Do I have to enable something in the kernel or somewhere to access to this device ?

ThanksLast edited by destroyedlolo on Tue Feb 24, 2015 10:46 pm; edited 1 time in total

----------

## Roman_Gruber

you may check your software for hints for that. you may get a hint somewhere in the docs to add a piece of software to get that functionality.

when it is an usb device it should show up basically with lsusb.

no idea waht steelseries does and how the keyboard is connected on your laptop. even so you wont see much as they cables in a laptop do not really tell how they are connected when you check the hardware.

----------

## destroyedlolo

Drivers exists only for m$ but their are some counterpart on Linux, as the link I provided.
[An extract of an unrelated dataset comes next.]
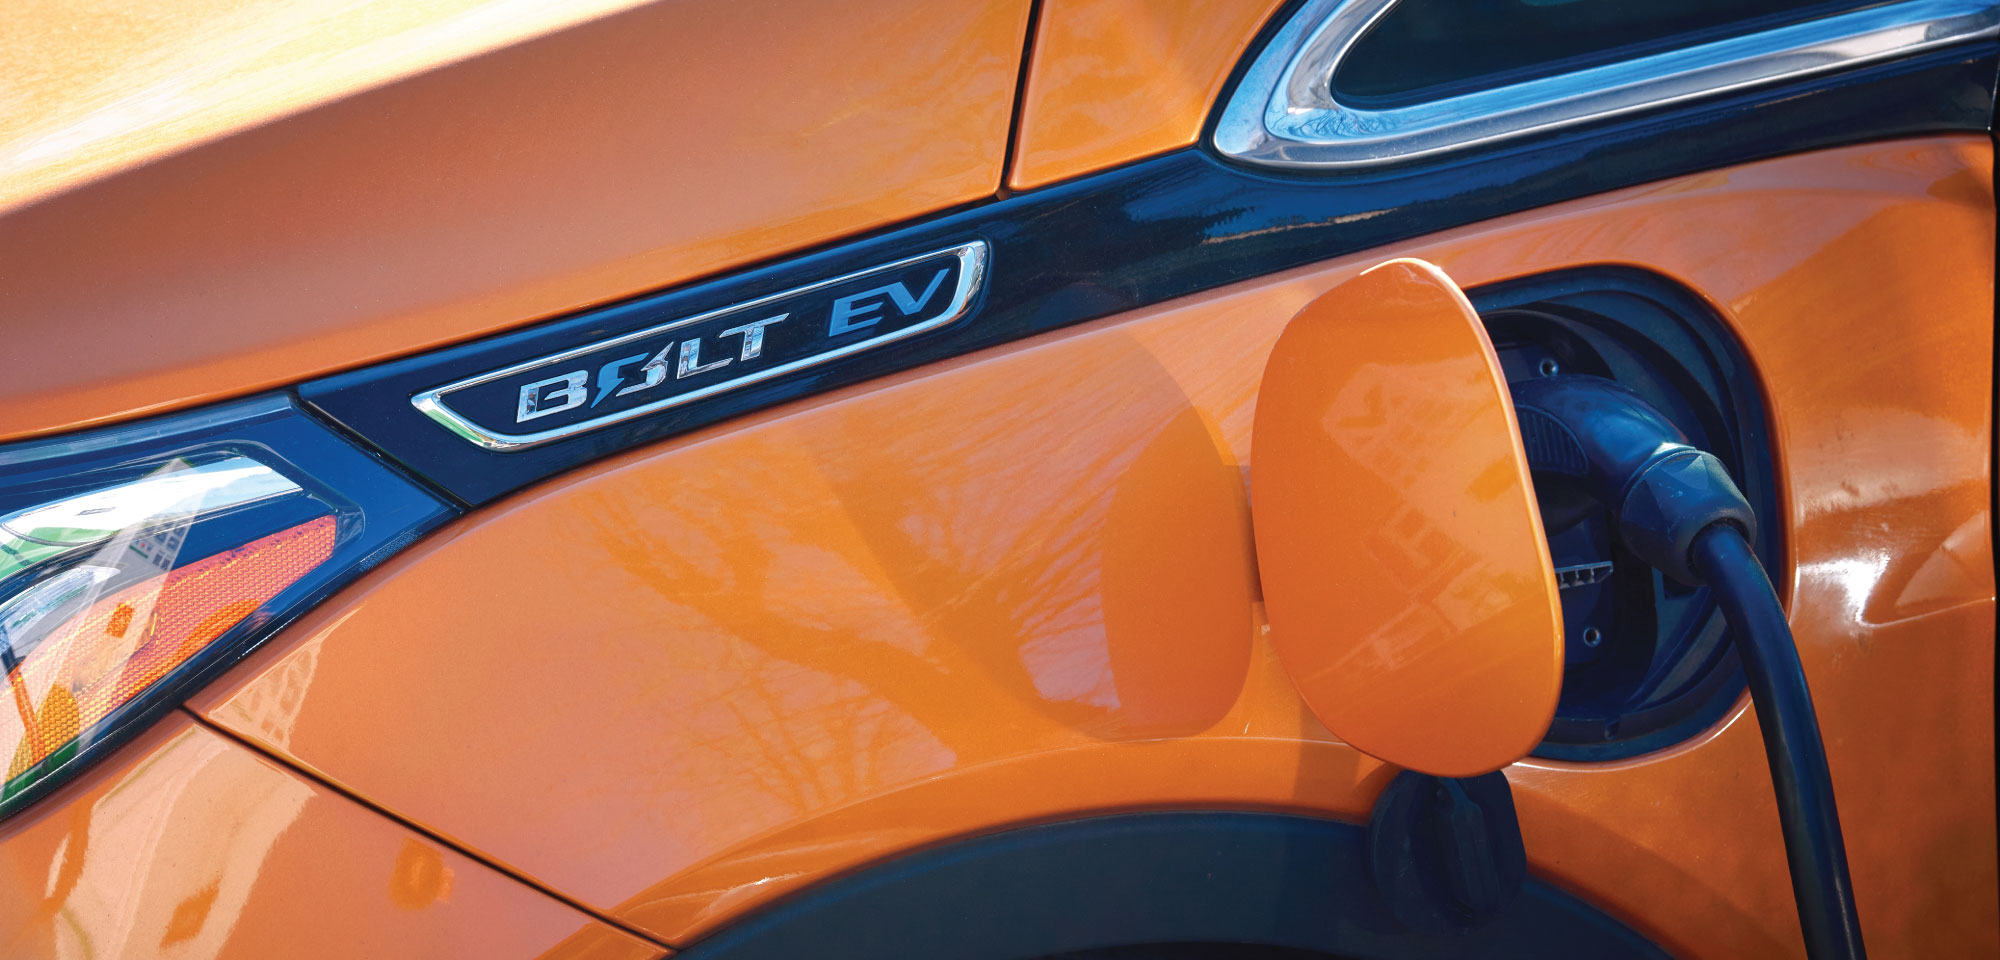 How much does it cost to charge a Chevy Bolt?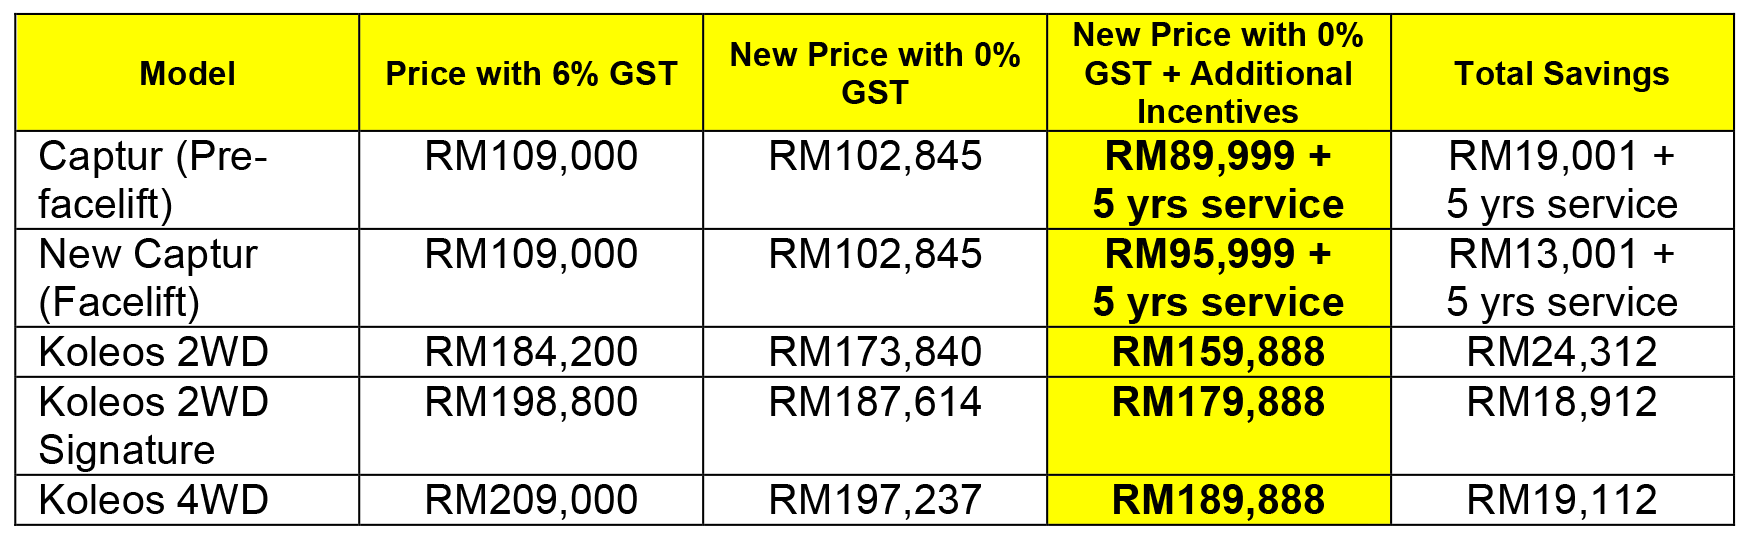 RENAULT’S NEW GST ZERO-RATED PRICES AND ADDITIONAL REBATES

Backlight control is done thru HID (as I can see in the code), but :

this tool doesn't find the keyboard by its ID

lsusb doesn't see it as well

So I wander if I need to add something on the kernel.

----------

## Roman_Gruber

asus for example had some different ids for their asus-oleds on different type of notebooks.

must be similar. 

thats the reason iam still on a 6 years old asus gamer notebook. these are only windows onlynotebooks tehse days. or overheat or are unmaintainable

you may read the full output of lshw. it sometimes helped me to solve issues

----------

## destroyedlolo

Well, the response is simple : unlike the rest of the serie, this particular model doesn't have backlit   :Rolling Eyes: 

----------